This function can either predict the abundance matrix for proteins (type = "response") without missing values according to the linear probabilistic dropout model, fitted with proDA(). Or, it can predict the feature parameters for additional proteins given their abundances including missing values after estimating the hyper-parameters on a dataset with the same sample structure (type = "feature_parameters").

# S4 method for proDAFit
predict(object, newdata, newdesign,
  type = c("response", "feature_parameters"), ...)

Arguments

object

an 'proDAFit' object that is produced by proDA().

newdata

a matrix or a SummarizedExperiment which contains the new abundances for which values are predicted.

newdesign

a formula or design matrix that specifies the new structure that will be fitted

type

either "response" or "feature_parameters". Default: "response"

...

additional parameters for the construction of the 'proDAFit' object.

Value

If type = "response" a matrix with the same dimensions as object.

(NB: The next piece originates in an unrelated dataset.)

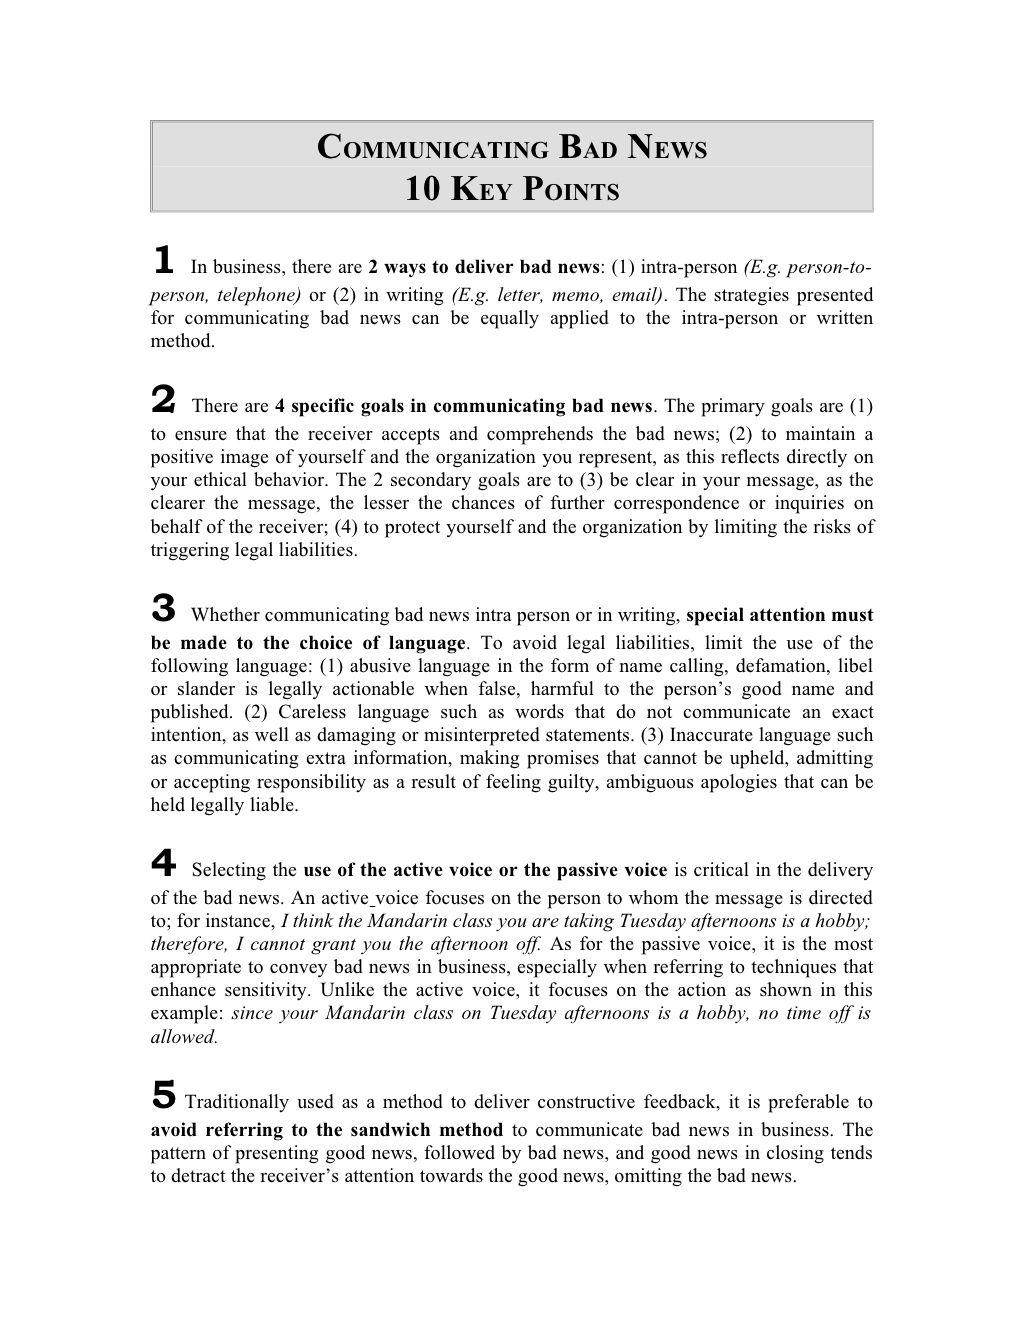 10 Key Points For Delivering Bad News By Sid Via Slideshare

Or, if type = "feature_parameters" a 'proDAFit' object with the same hyper-parameters and column data as object, but new fitted rowData().

Details

Note: this method behaves a little different from what one might expect from the classical predict.lm() function, because object is not just a single set of coefficients for one fit, but many fits (ie. one for each protein) with some more hyper-parameters. The classical predict function predicts the response for new samples. This function does not support this, instead it is useful for getting a matrix without missing values for additional proteins.